STORED DATA:
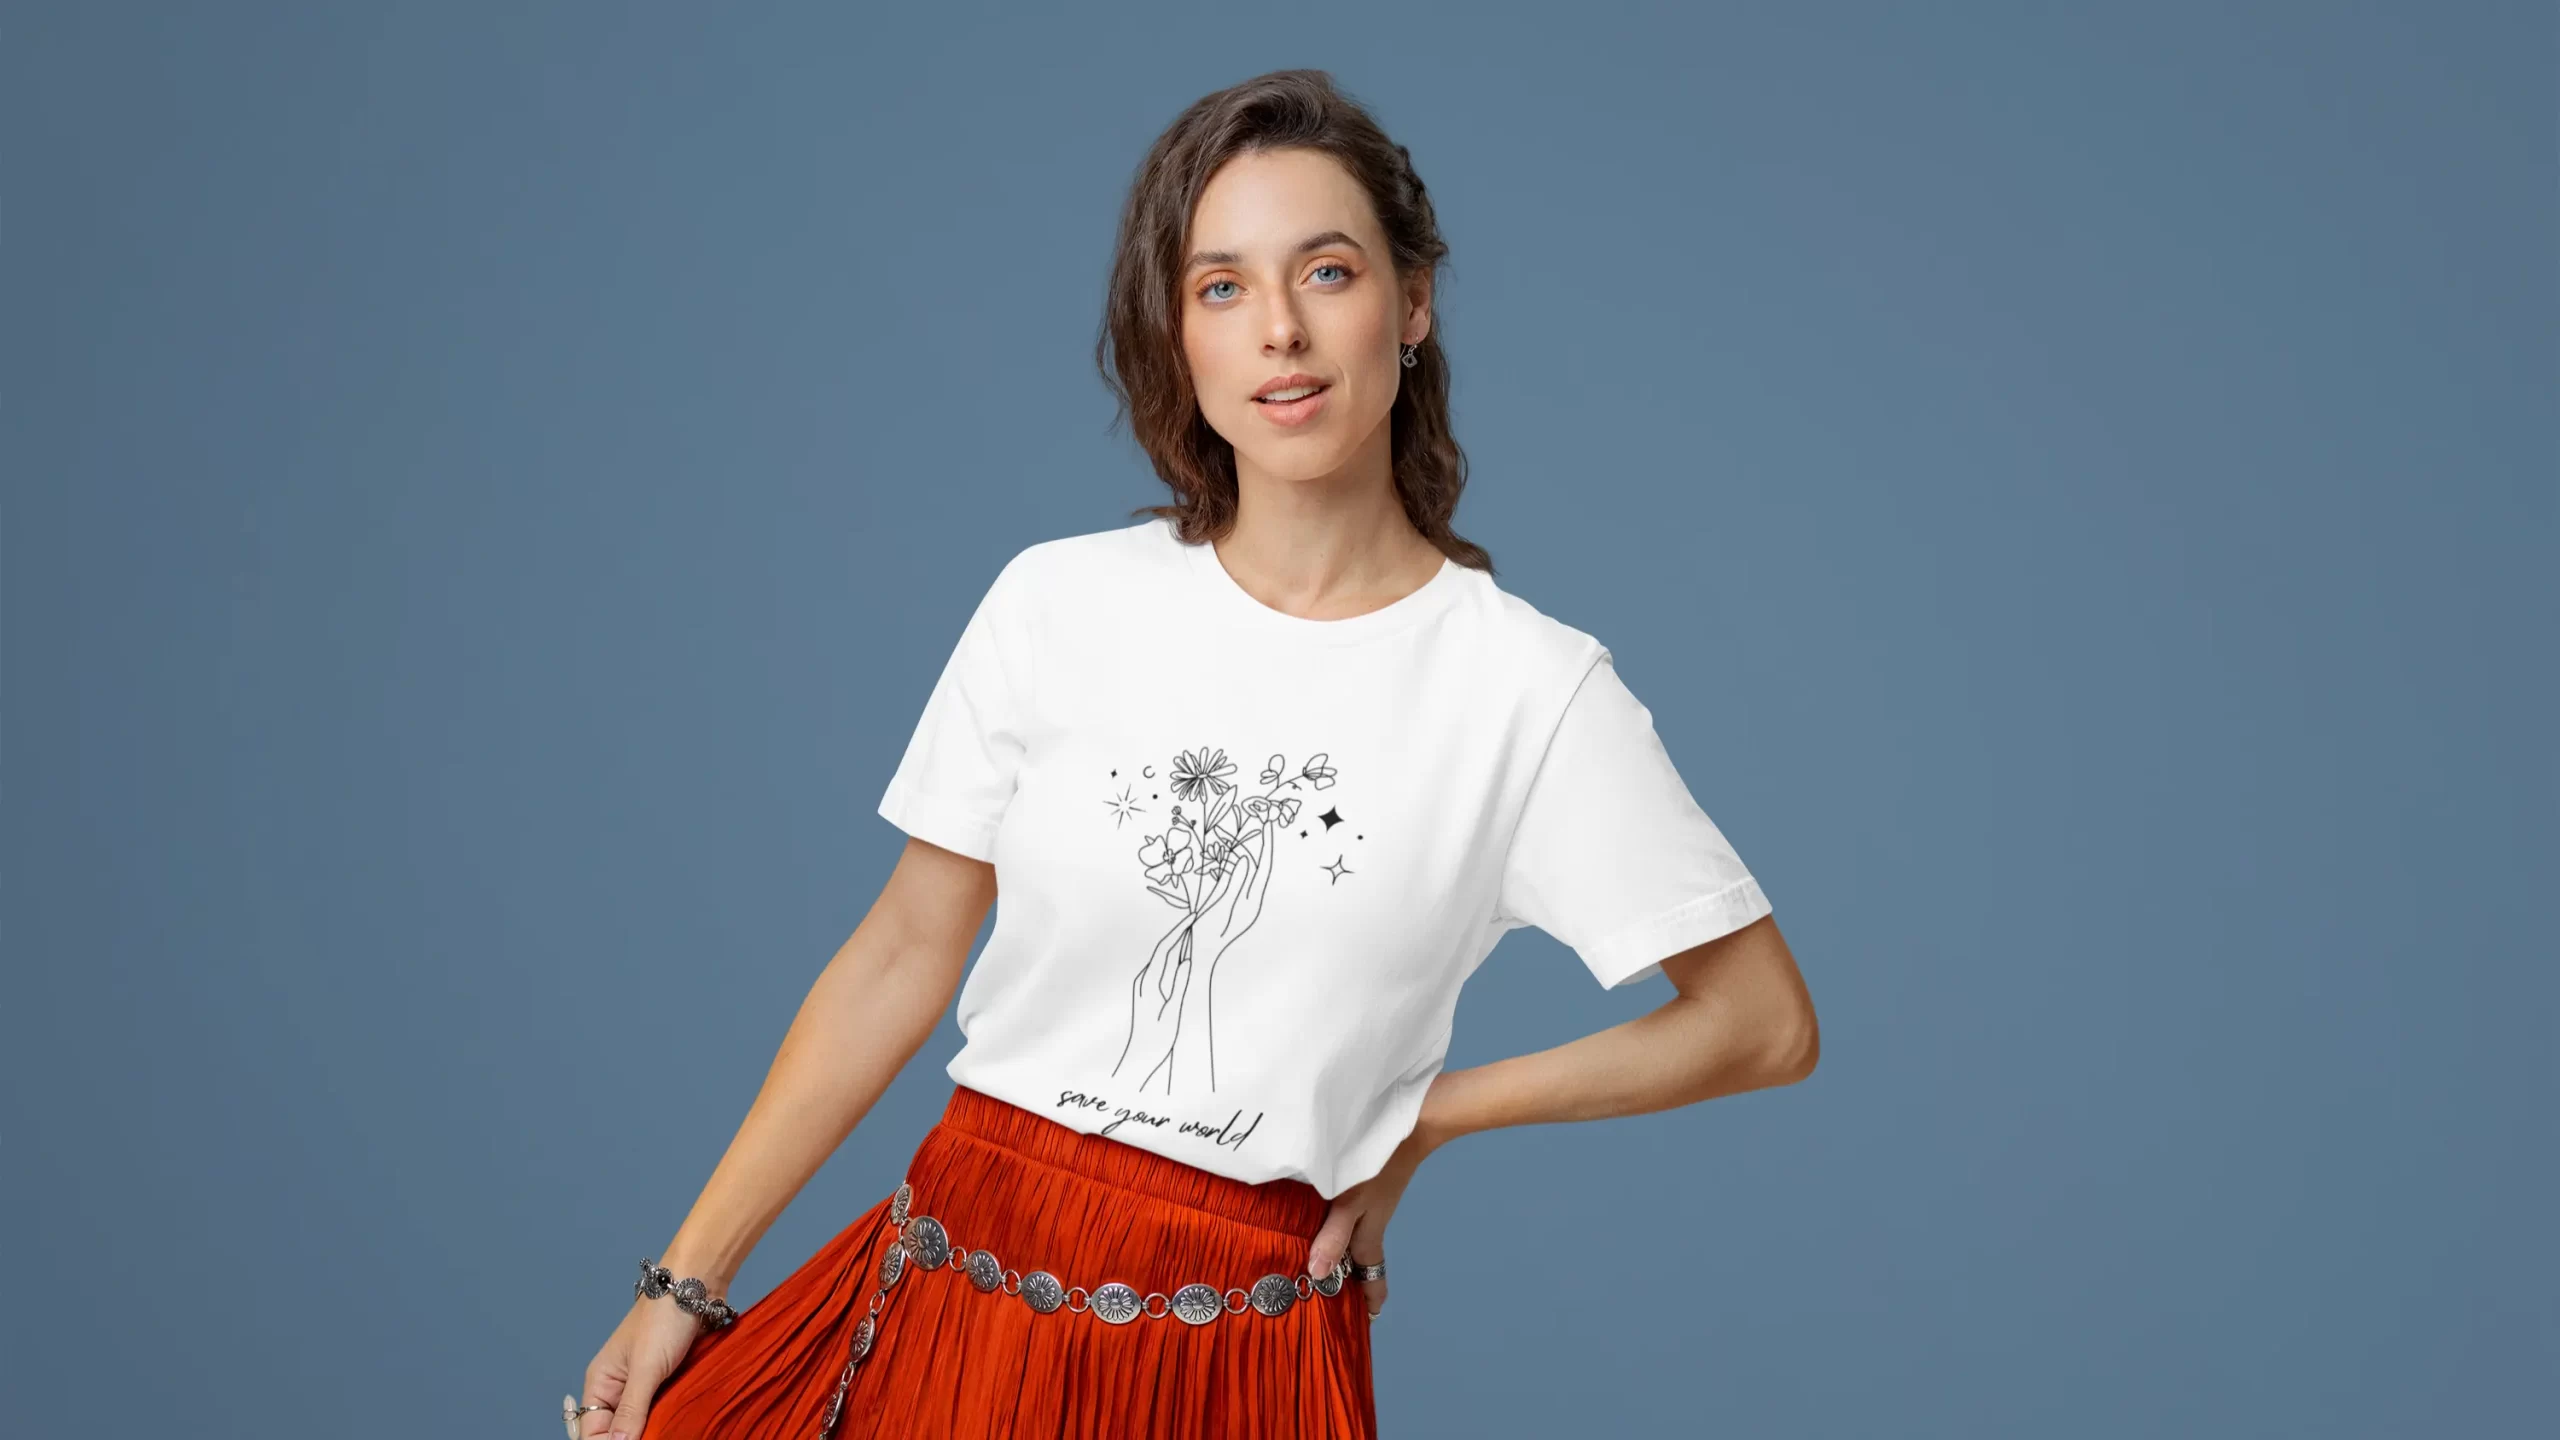 bella-canvas-tee-mockup-of-a-woman-wearing-a-boho-style-outfit-in-a-studio-m36863
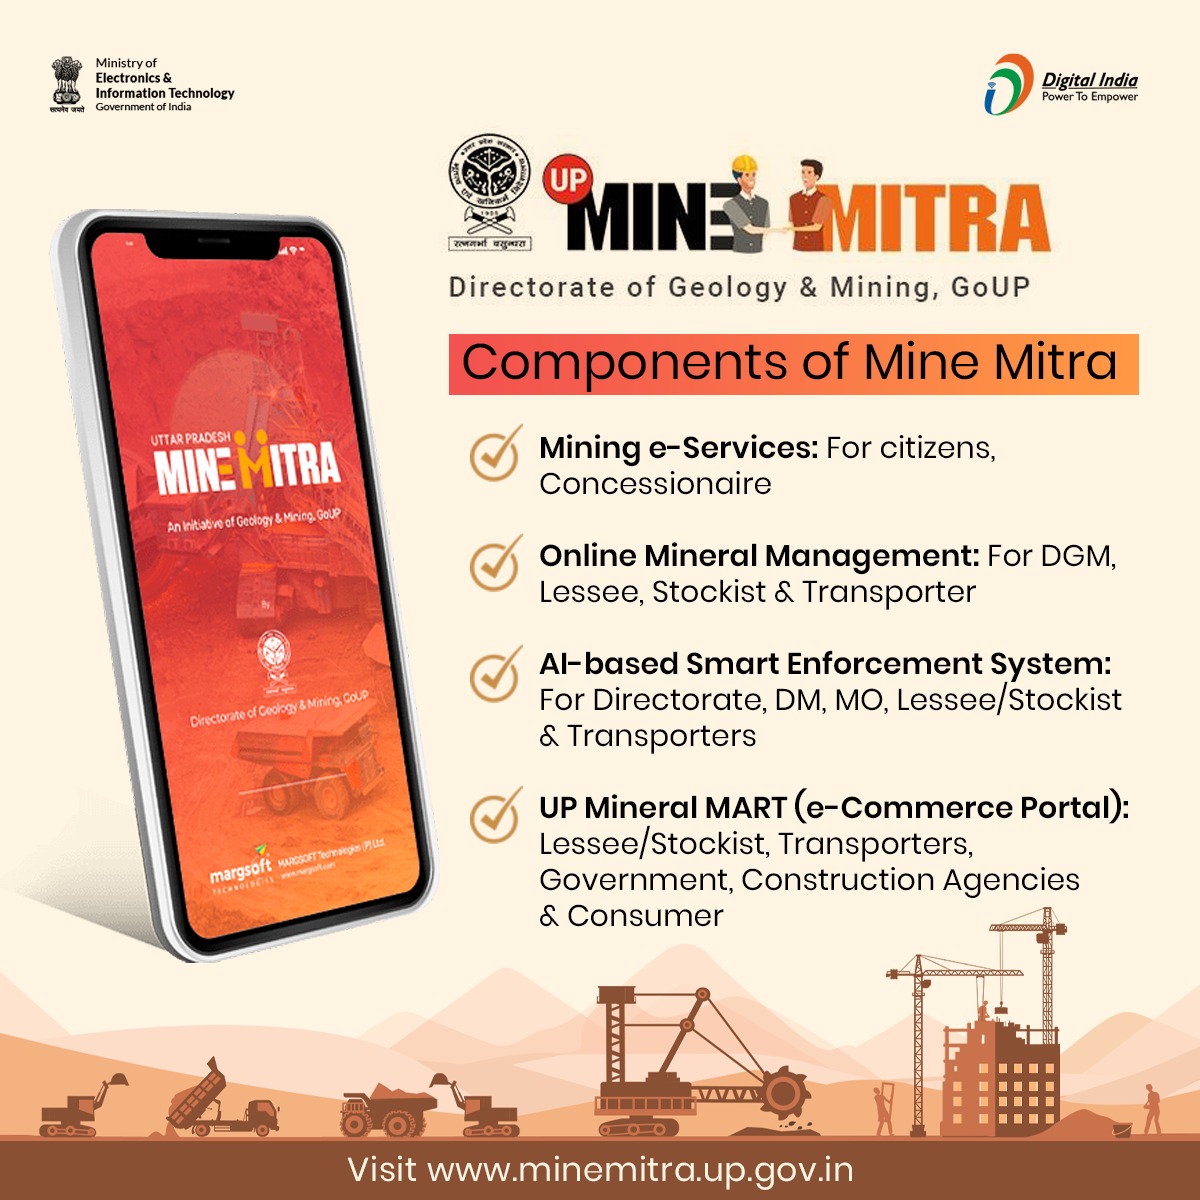 #MineMitra - A truly integrated platform for transparent mining management & citizen-centric services

API Integration with @MORTHIndia's (VAHAN) & other State Govt depts. #DigitalIndia #MineAwarenessday @MinesMinIndia
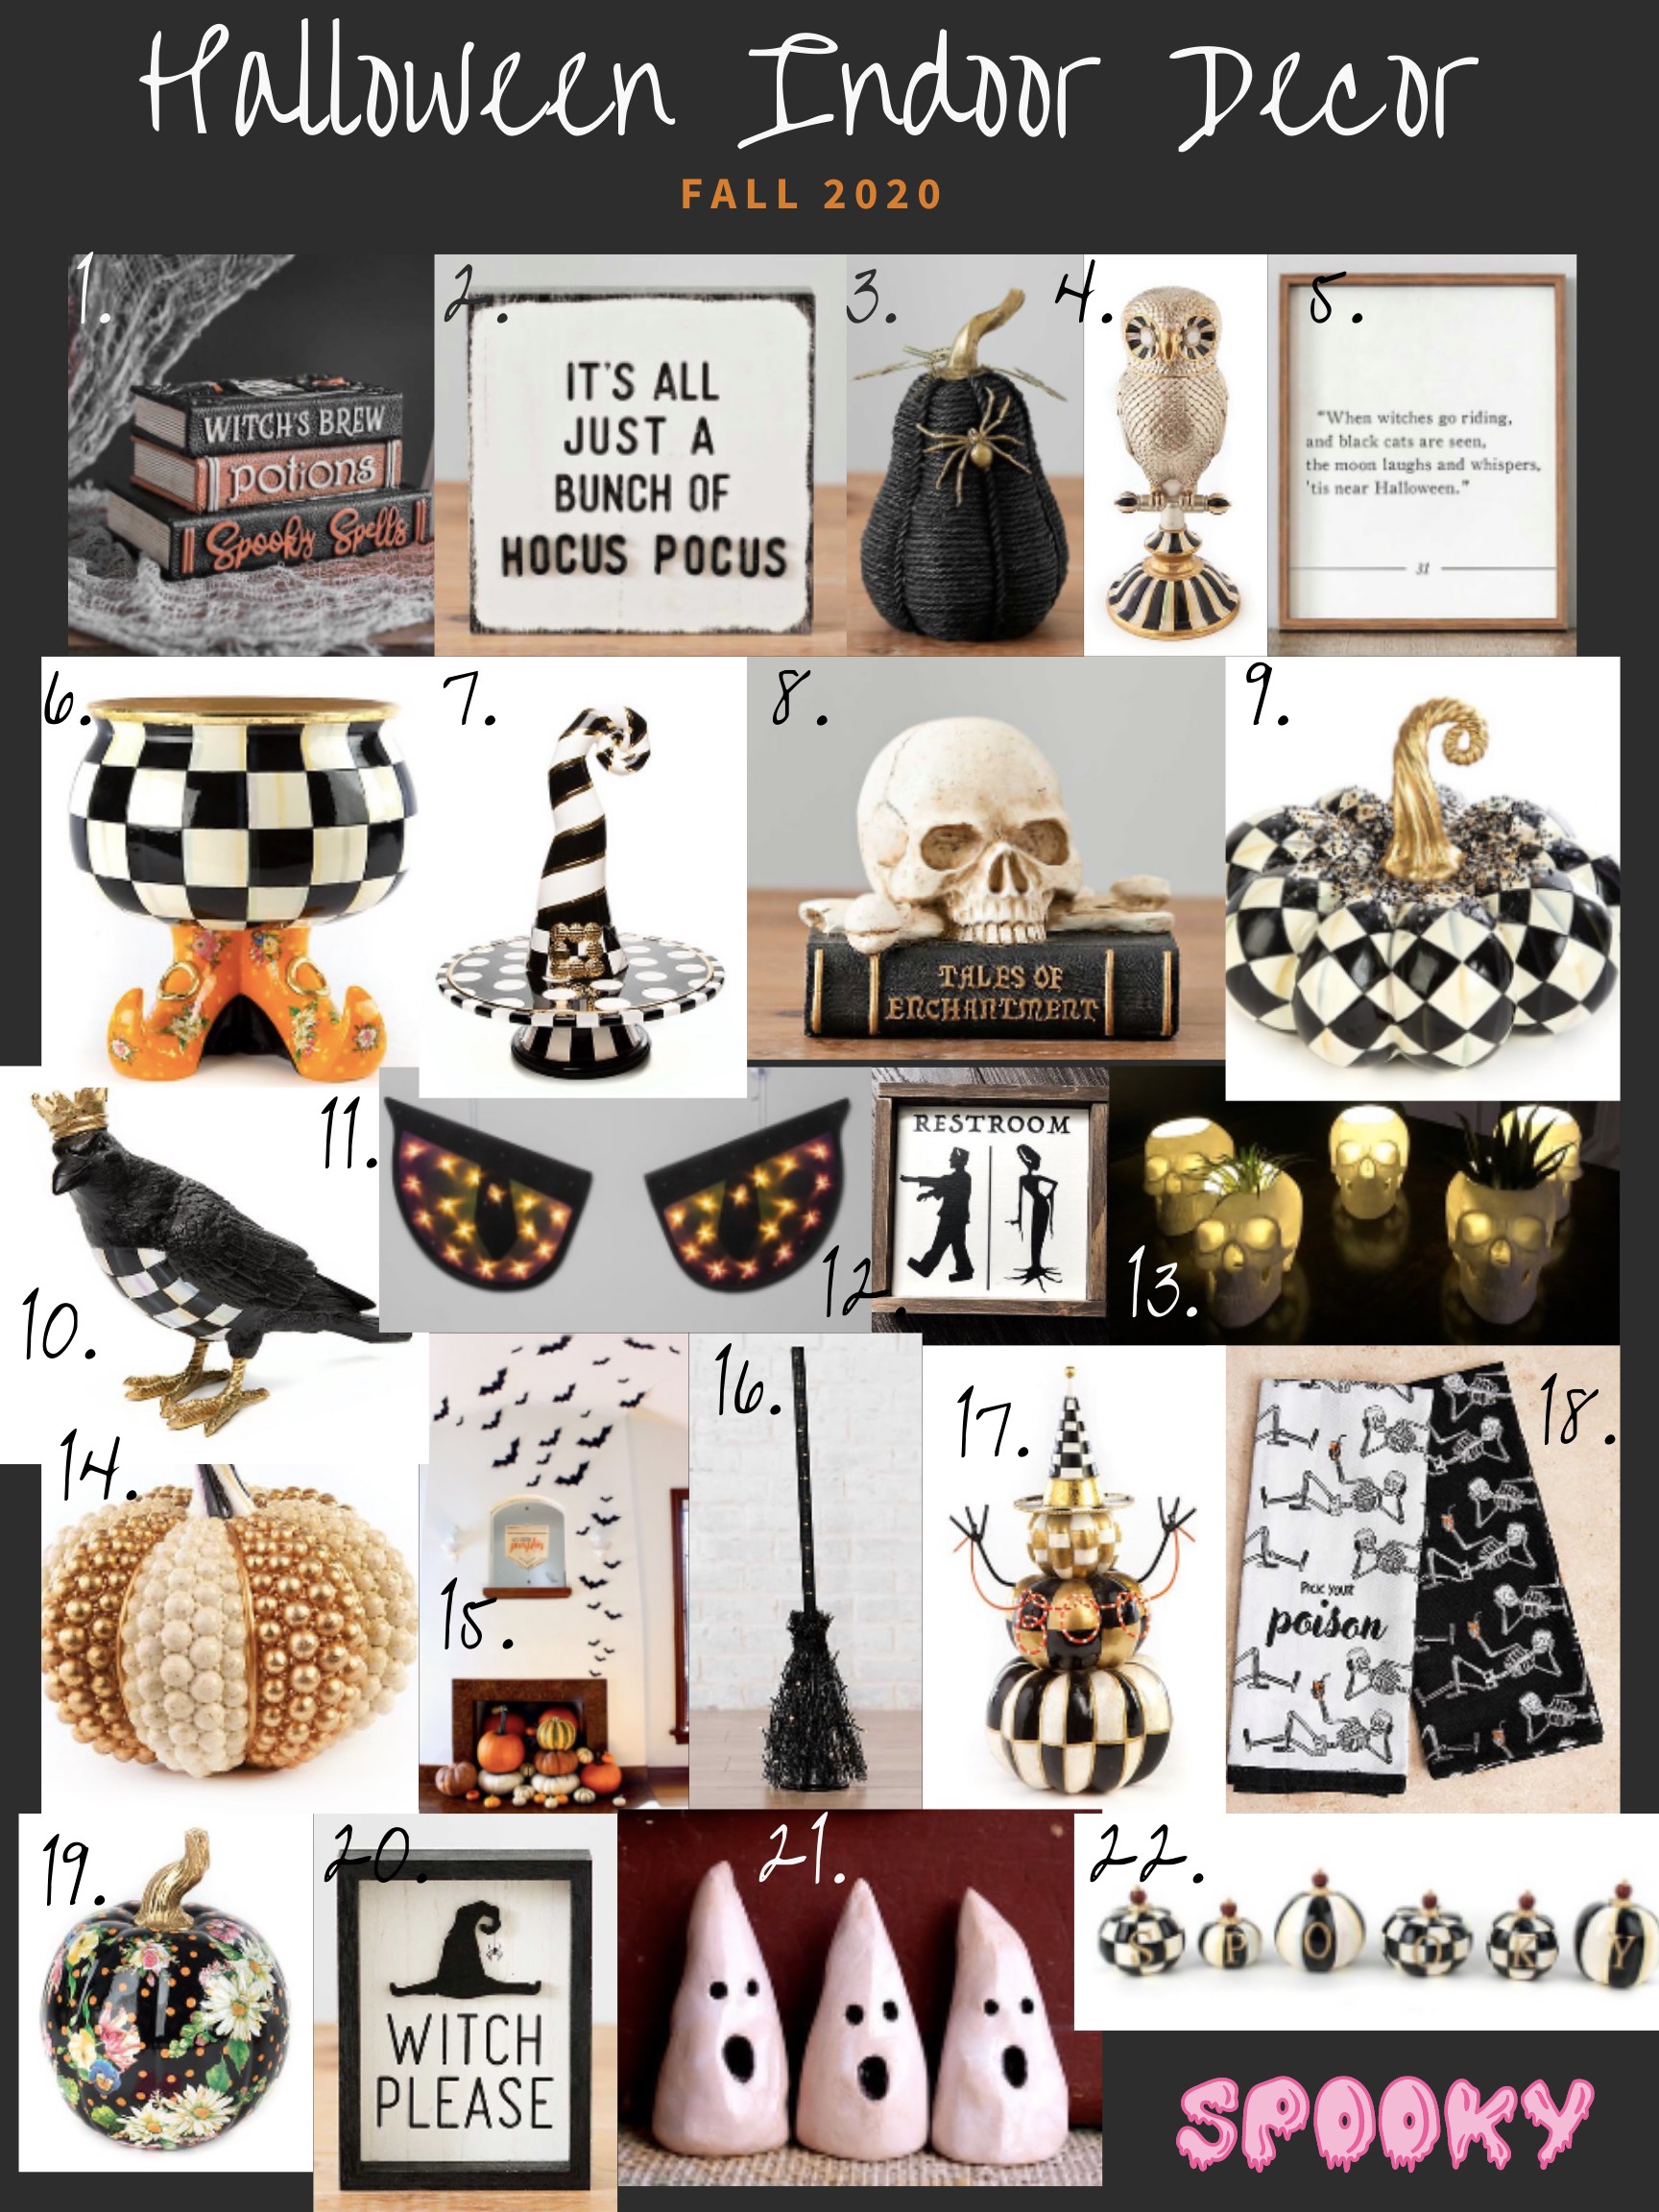 Best Halloween Decorations by popular Nashville life and style blog, Nashville Wifestyles: collage image of black and white checkered pumpkin, skeleton tea towels, Witch Please sign, ghost decor, owl decor, spooky sign, 3D bats, and spell book decor.

INSTRUCTIONS TO FOLLOW: The required answer is an exact, picture-free copy of the lines from the opening of the listing above through the line with "API Integration with".

ANSWER TO THIS TASK:
 bella-canvas-tee-mockup-of-a-woman-wearing-a-boho-style-outfit-in-a-studio-m36863
 #MineMitra - A truly integrated platform for transparent mining management & citizen-centric services

API Integration with @MORTHIndia's (VAHAN) & other State Govt depts. #DigitalIndia #MineAwarenessday @MinesMinIndia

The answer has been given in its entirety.